I have a data migration as below in which I want to use create_user method of CustomUser, get an instance of the created user, and use this instance to create instance of Partner model.
It is worth mentioning that I have a Partner model that has a one-to-one relationship with CustomUser.
I have two options:
# Option One:
def populate_database_create_partner(apps, schema_editor):
Partner = apps.get_model('partners', 'Partner')
CustomUser.objects.create_user(
id=33,
email='test_email#email.com',
password='password',
first_name='test_first_name',
last_name="test_last_name",
is_partner=True,
)
u = CustomUser.objects.get(id=33)
partner = Partner.objects.create(user=u, )
class Migration(migrations.Migration):
dependencies = [
('accounts', '0006_populate_database_createsuperuser'),
]
operations = [
migrations.RunPython(populate_database_create_partner),
]
In option one, I see this error:
ValueError: Cannot assign "<CustomUser: test_email#email.com>": "Partner.user" must be a "CustomUser" instance.
I then test this:
# Option Two:
def populate_database_create_partner(apps, schema_editor):
Partner = apps.get_model('partners', 'Partner')
CustomUser = apps.get_model('accounts', 'CustomUser')
CustomUser.objects.create_user(
id=33,
email='test_email#email.com',
password='password',
first_name='test_first_name',
last_name="test_last_name",
is_partner=True,
)
u = CustomUser.objects.get(id=33)
partner = Partner.objects.create(user=u, )
class Migration(migrations.Migration):
dependencies = [
('accounts', '0006_populate_database_createsuperuser'),
]
operations = [
migrations.RunPython(populate_database_create_partner),
]
I the see this error:
CustomUser.objects.create_user(
AttributeError: 'Manager' object has no attribute 'create_user'
The create_user method does not work.
If I do not use the create_user method and simply use CustomUser.objects.create(...), I will not be able to set password in here.
Django only keeps limited historical information about each version of your models.

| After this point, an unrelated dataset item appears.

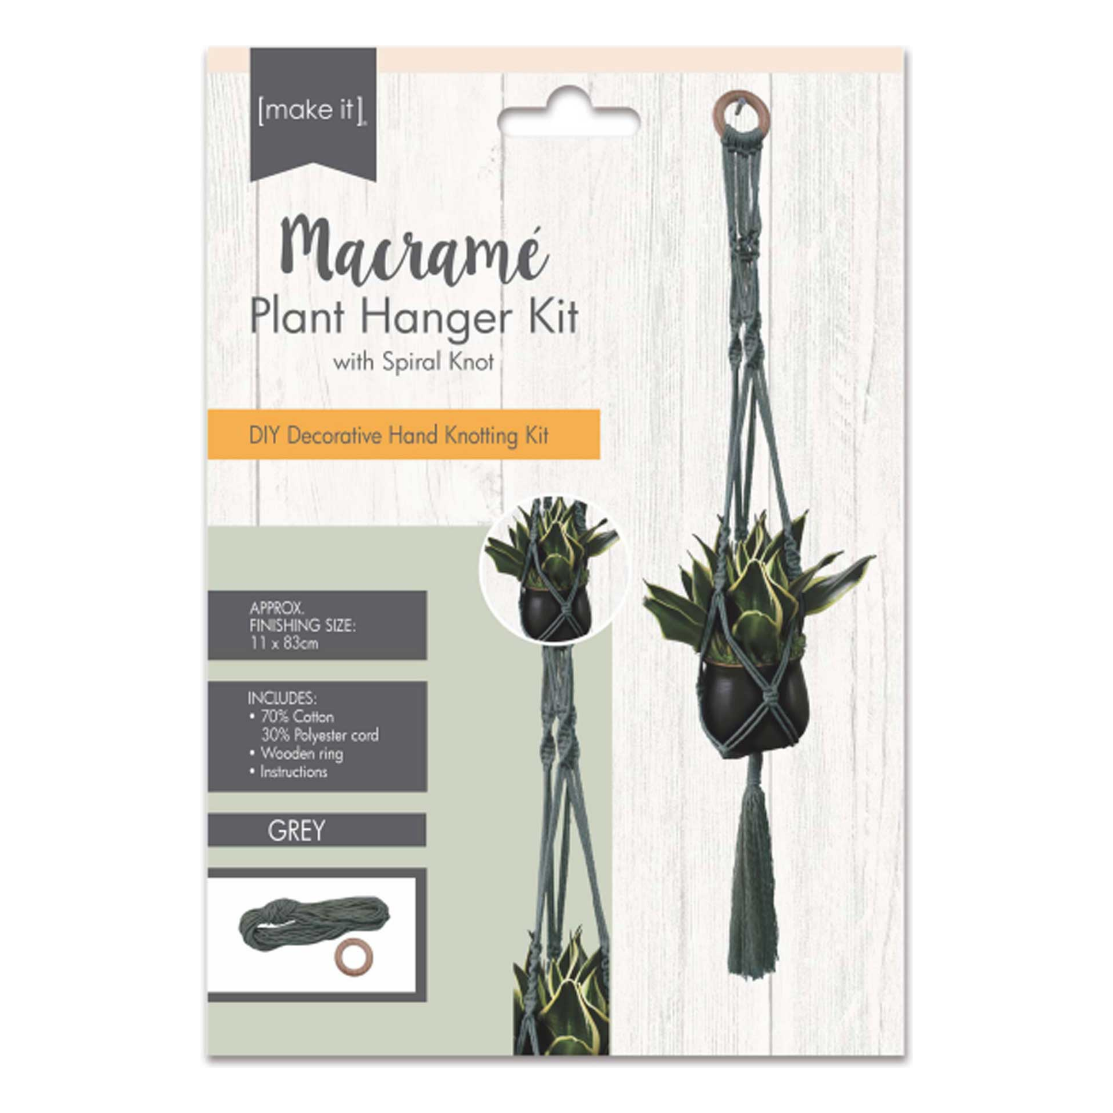 Macrame Plant Hanger Kit with Spiral Knot - Grey - CRAFT2U
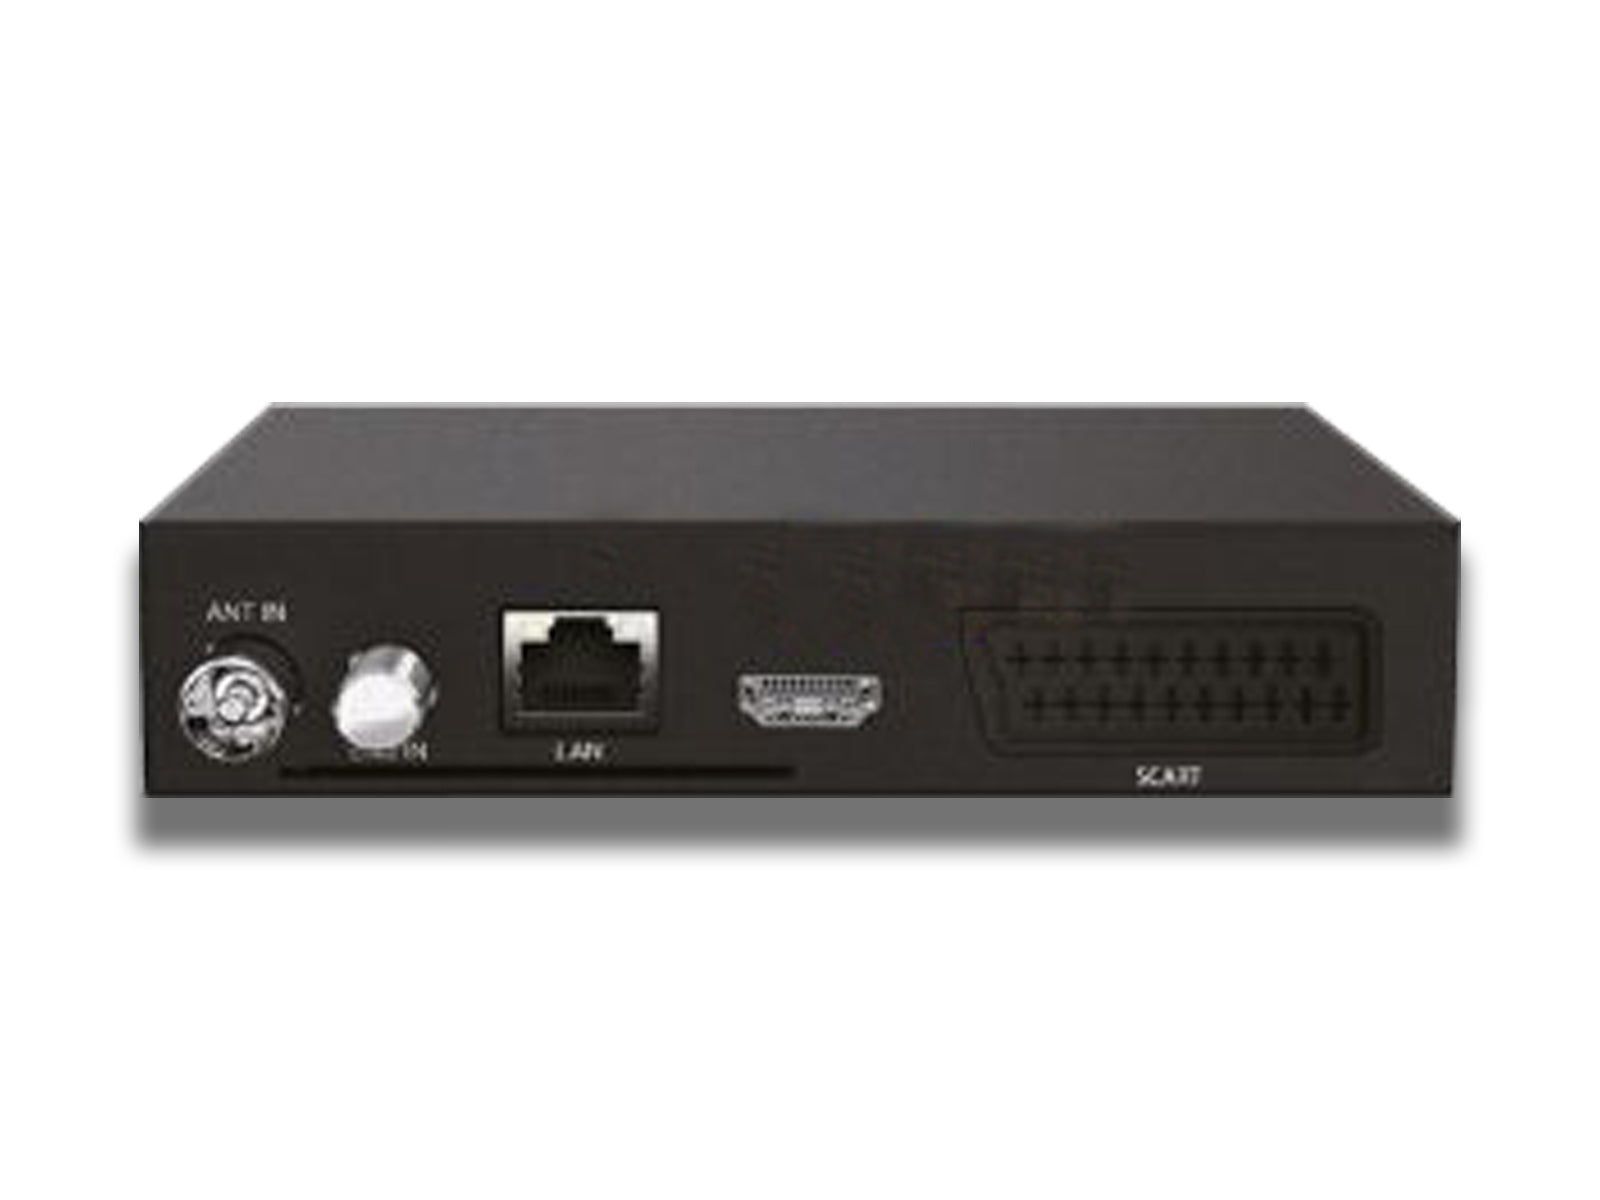 EDISION Picco T265 Dvb-t2 Receiver HDMI SCART USB SPDIF Black for

One of the things it doesn't keep track of, as documented here, is custom model managers.
The good news is that there's a way to force the migrations system to use your custom manager:
You can optionally serialize managers into migrations and have them available in RunPython operations. This is done by defining a use_in_migrations attribute on the manager class.
As noted, this just allows your migration to use the version of the manager that exists when the migration is run; so, if you later make changes to it, you could break the migration. A safer alternative is to just copy the relevant create_user code into the migration itself.